Thomas Hickey of OCLC mentioned the WorldCat Identity service, which summarizes information for 20 million authors searchable in WorldCat.
Gerry Grenier reported that IEEE was about to implement its own author disambiguation and id system, and he offered that this metadata could be fed into a CrossRef system.
Different participants had different views on whether the goal here should be a “light and non-centralized” (or federated) approach versus a centralized registry with one place to link authors across all publishers, versus a hybrid — centralized source to handout unique id, but publisher data could be distributed. There could also be a network of registration agencies working in a federated system.
Different participants also had different views on CrossRef’s role. Several publishers at the meeting supported CrossRef’s role, especially in the STM space, whereas there was concern raised among some parties about whether CrossRef was an appropriate choice for a system that will need to be “available everywhere to everybody”, and others re-iterated the importance of giving the academic community a voice in the development of such a service
Discussion then turned to use cases — the question being, what problems would having an author id help you solve in your organization?

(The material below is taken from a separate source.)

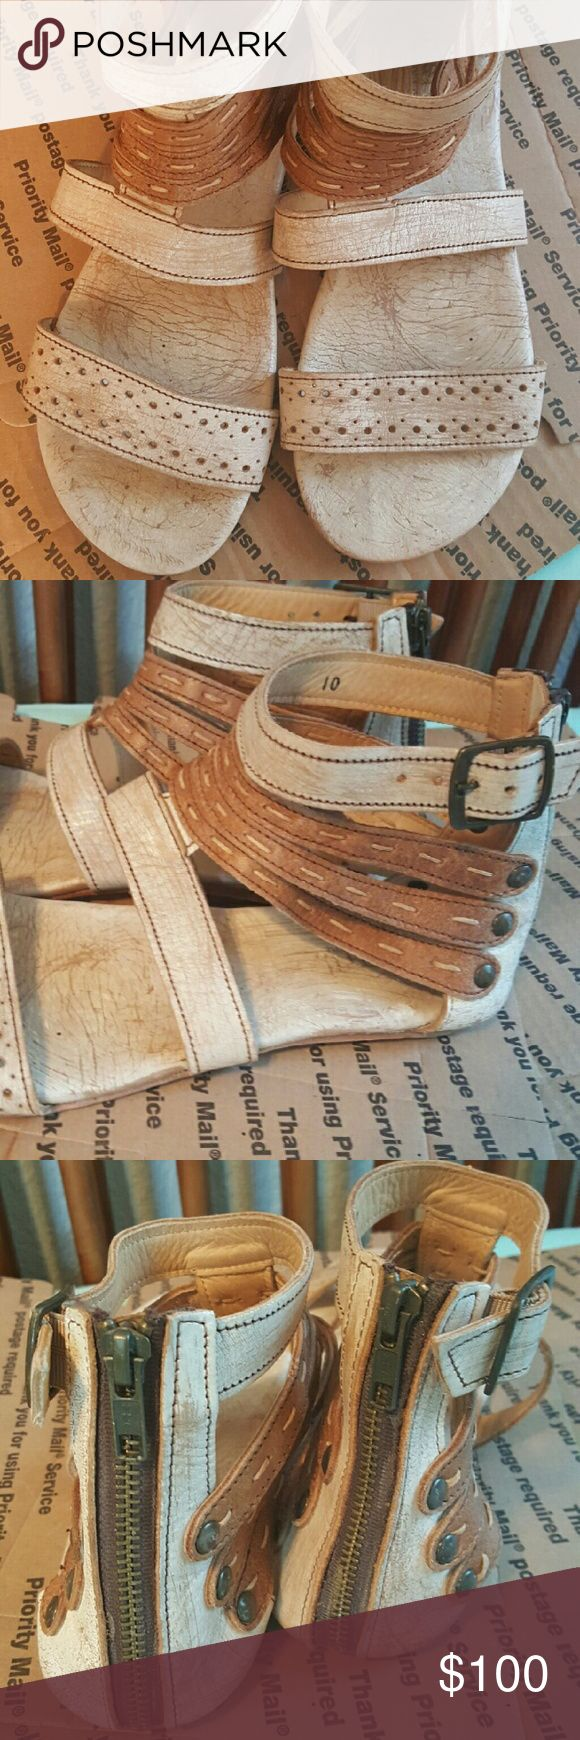 Bed Stu genuine leather sandals Size 10. Excellent condition! Bed Stu Shoes Sandals

USE CASES ARTICULATED AT MEETING:
- For RROs, known use case is to facilitate distribution of monies owed to authors;;
- for booksellers, disambiguation in search;;
- to understand the provenance of documents;
- search — to find works for particular person; self presentation — how can I effectively present myself and my work to the world?;
- cross-walks — associating various life sciences ids, such as PubChem;
- identity of society members;
- identity of research funding institutions;
- disambiguation and attribution;
- linking authors and institutions;
- for enhancing peer review system — need unique ids to share information with various departments;
- to better know the value of our authors — for activities such as peer review, tracking stats on authors, article downloads, and individualized or personalized services;
- with a central registry, author only has one place they have to update their information;
- authors will want the information to be portable when they move from inst to another — “where is Jeff Smith now?” is one such question;
- to associate connected authors with one another;
- to aggregate info on where (what institution) research is being done on a particular topic;
- privacy can be enhanced with author DOIs;
- sharing info from library to library;
- cluster all the works of a particular person for search purposes;
- stats about authors — “how many times has this author tried and been rejected from Nature?” for instance.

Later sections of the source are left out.